WORK REQUEST: Repeat the data exactly, leaving out any image.

SUPPLIED MATERIAL section start

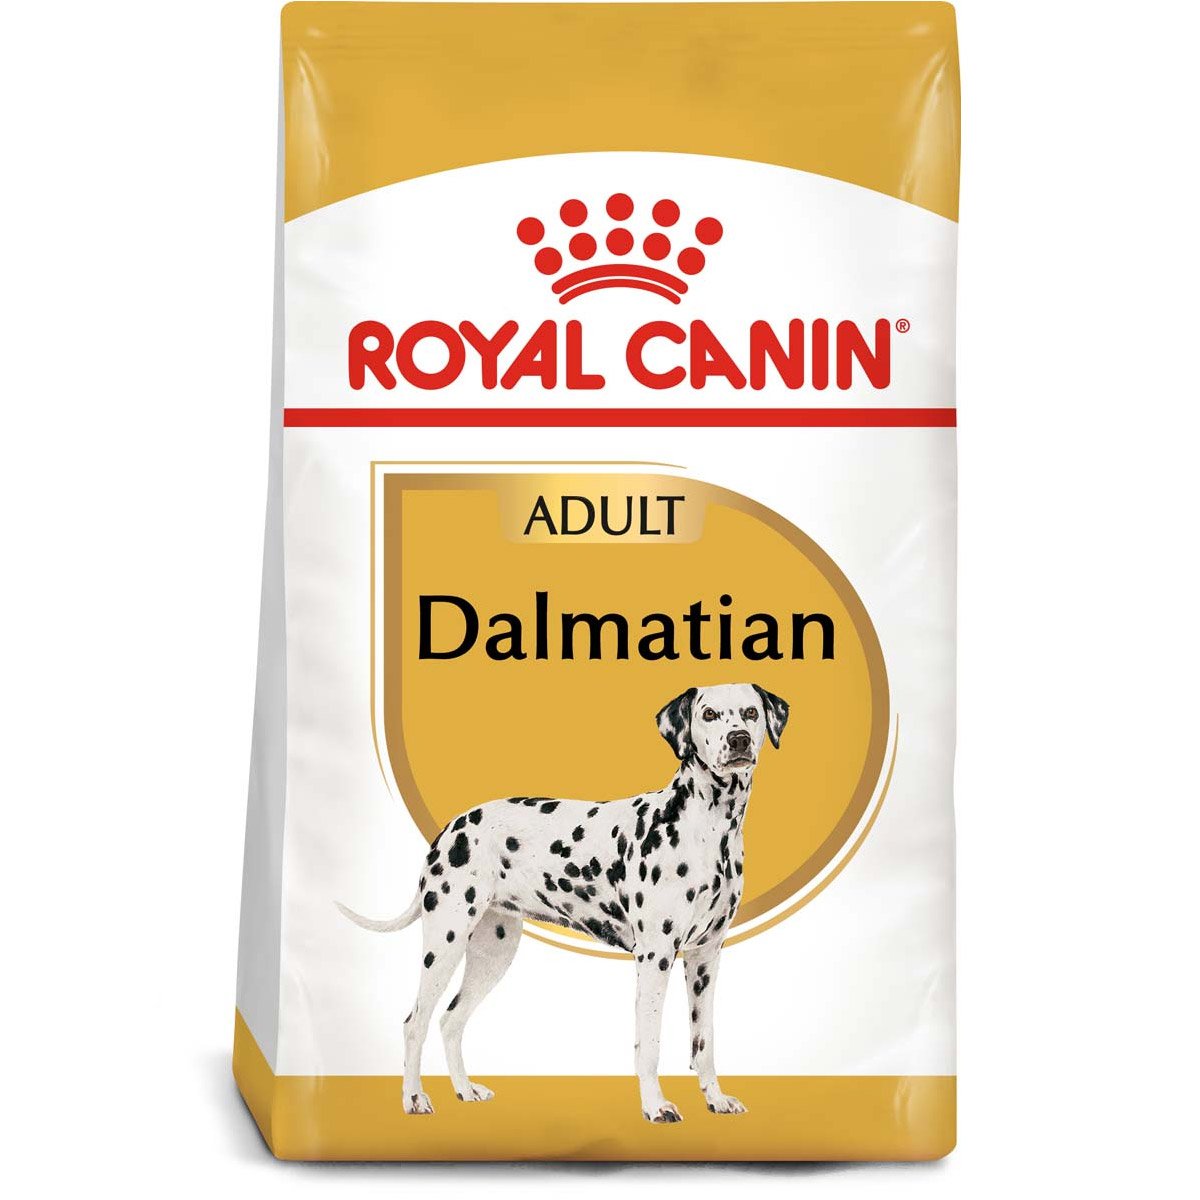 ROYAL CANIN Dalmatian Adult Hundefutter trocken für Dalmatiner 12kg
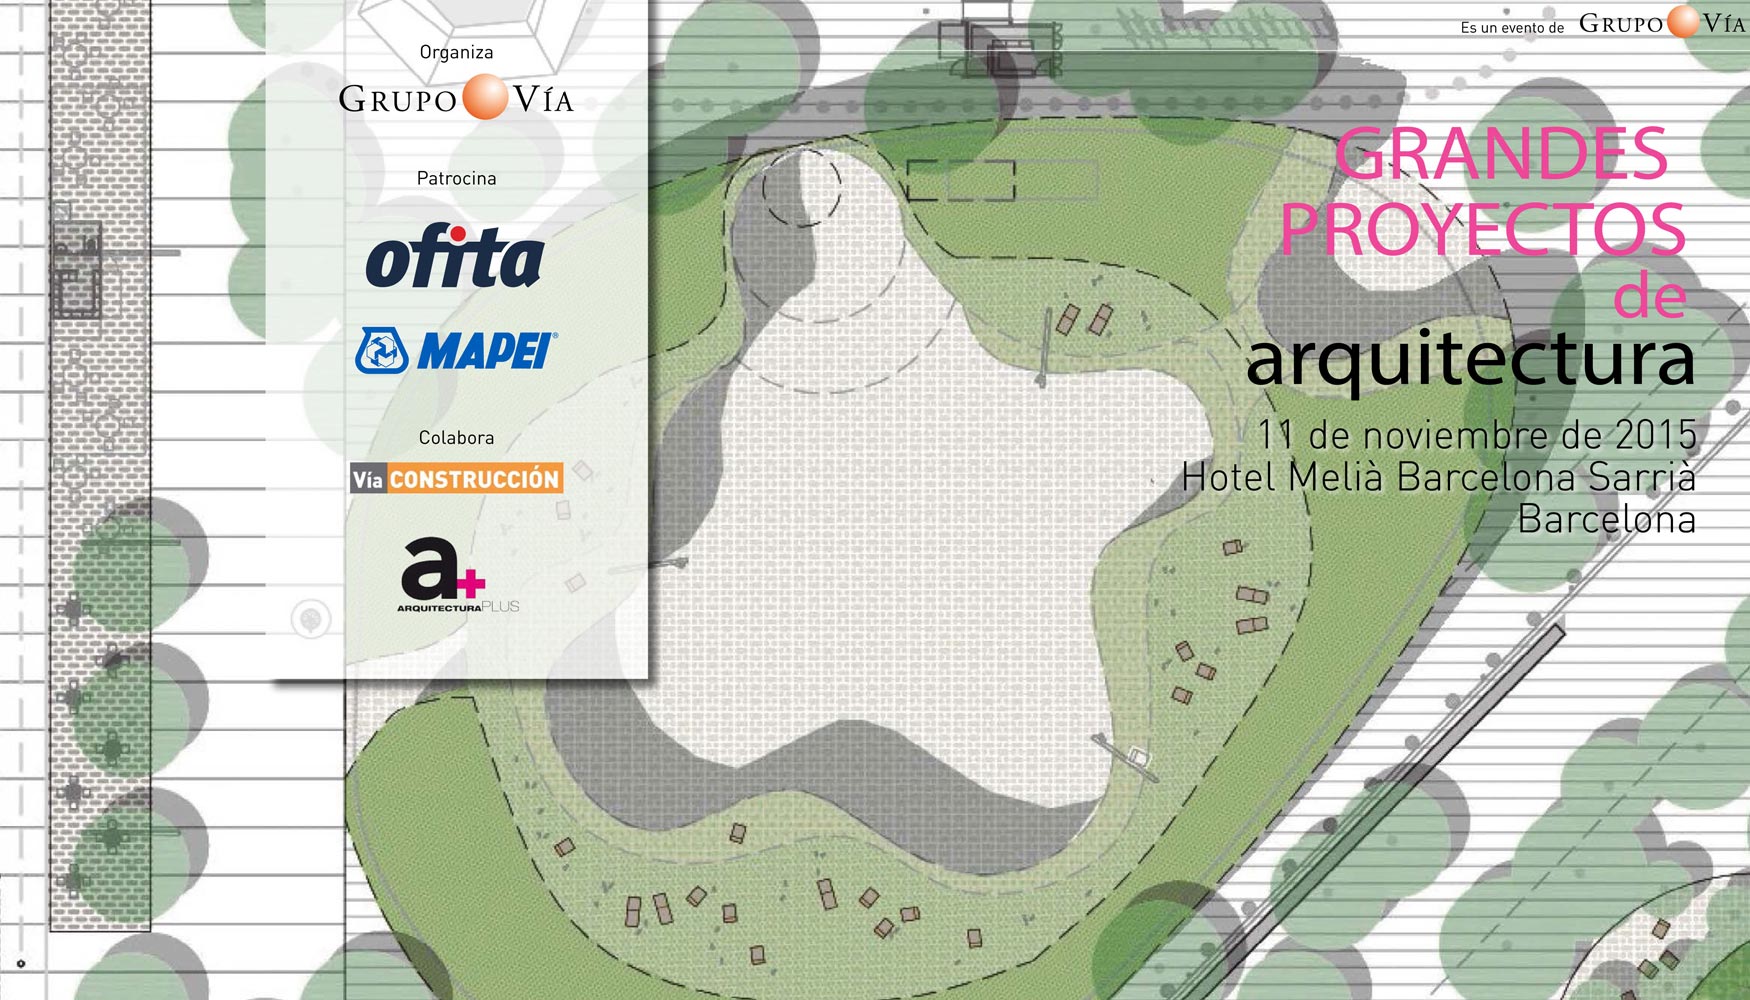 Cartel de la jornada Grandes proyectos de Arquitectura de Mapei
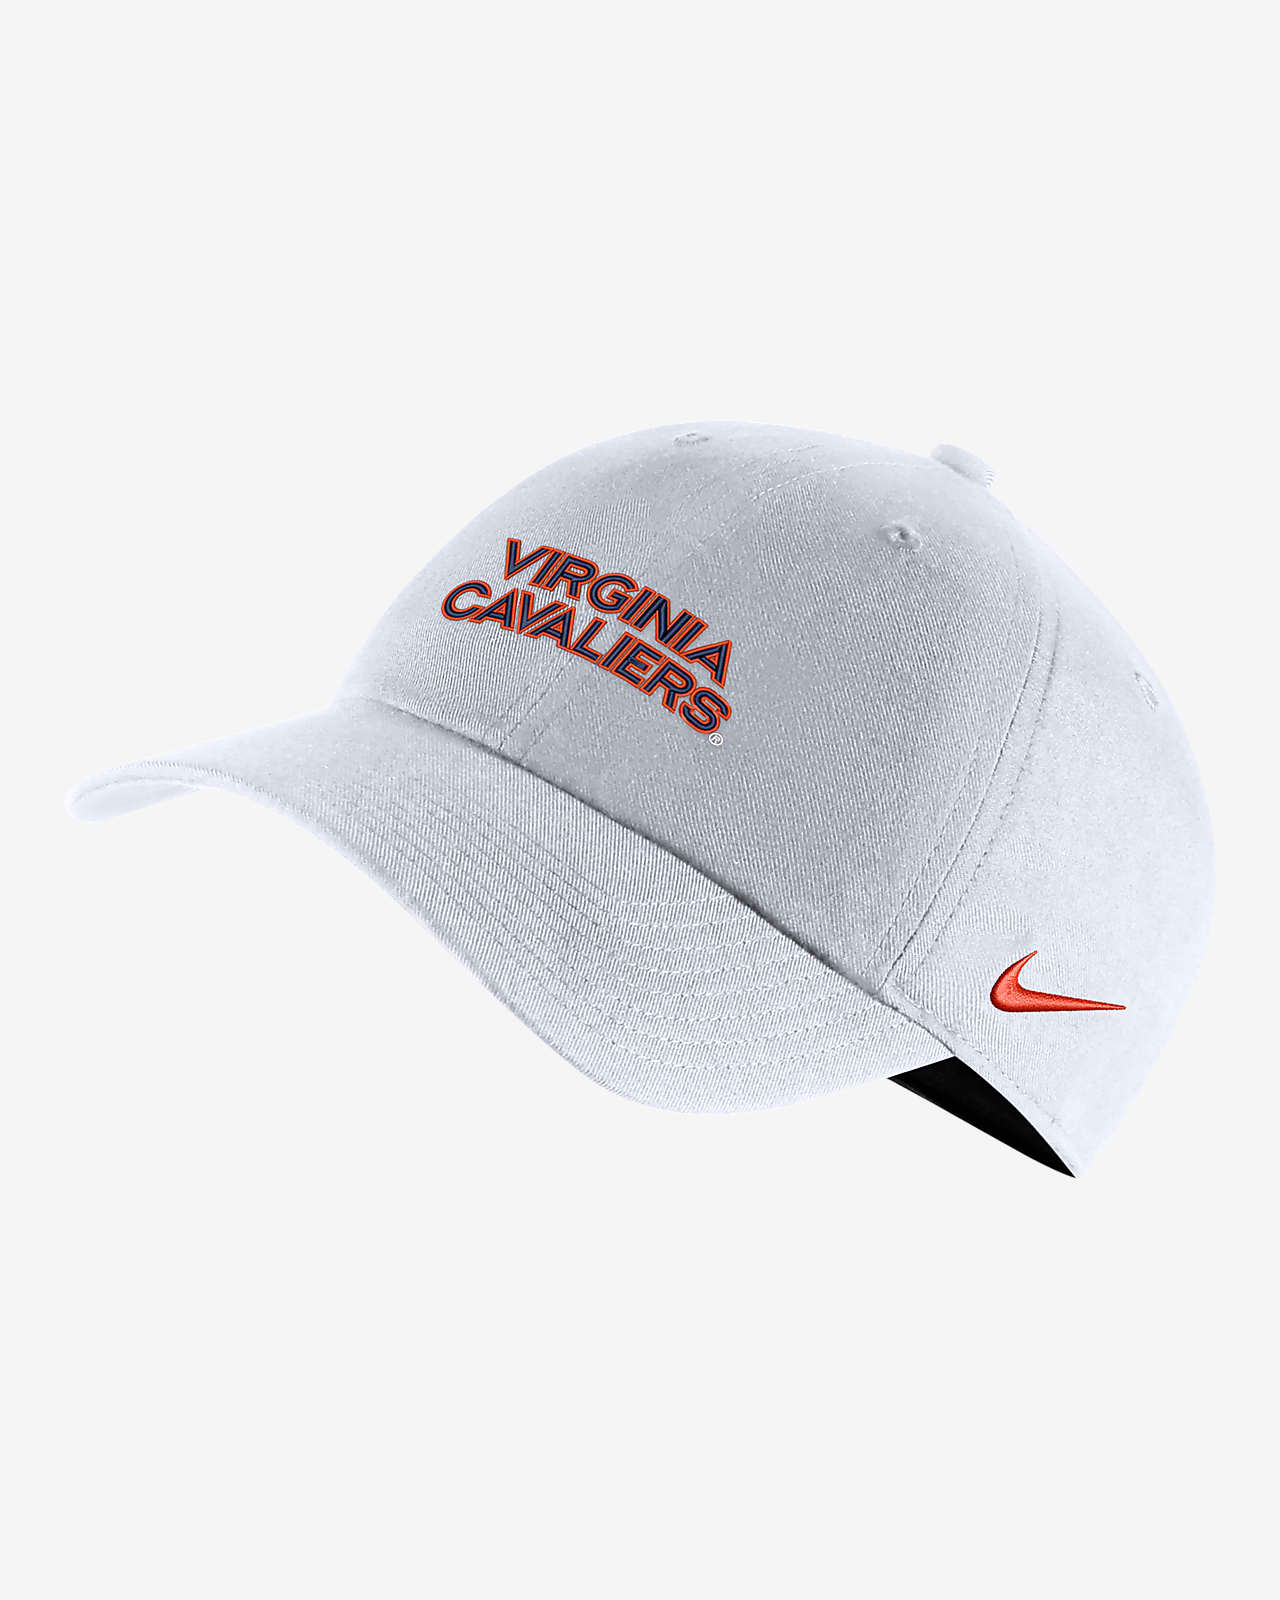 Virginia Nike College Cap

SUPPLIED MATERIAL section end

RESULT OF THIS TASK:
 ROYAL CANIN Dalmatian Adult Hundefutter trocken für Dalmatiner 12kg
 Cartel de la jornada Grandes proyectos de Arquitectura de Mapei
 Virginia Nike College Cap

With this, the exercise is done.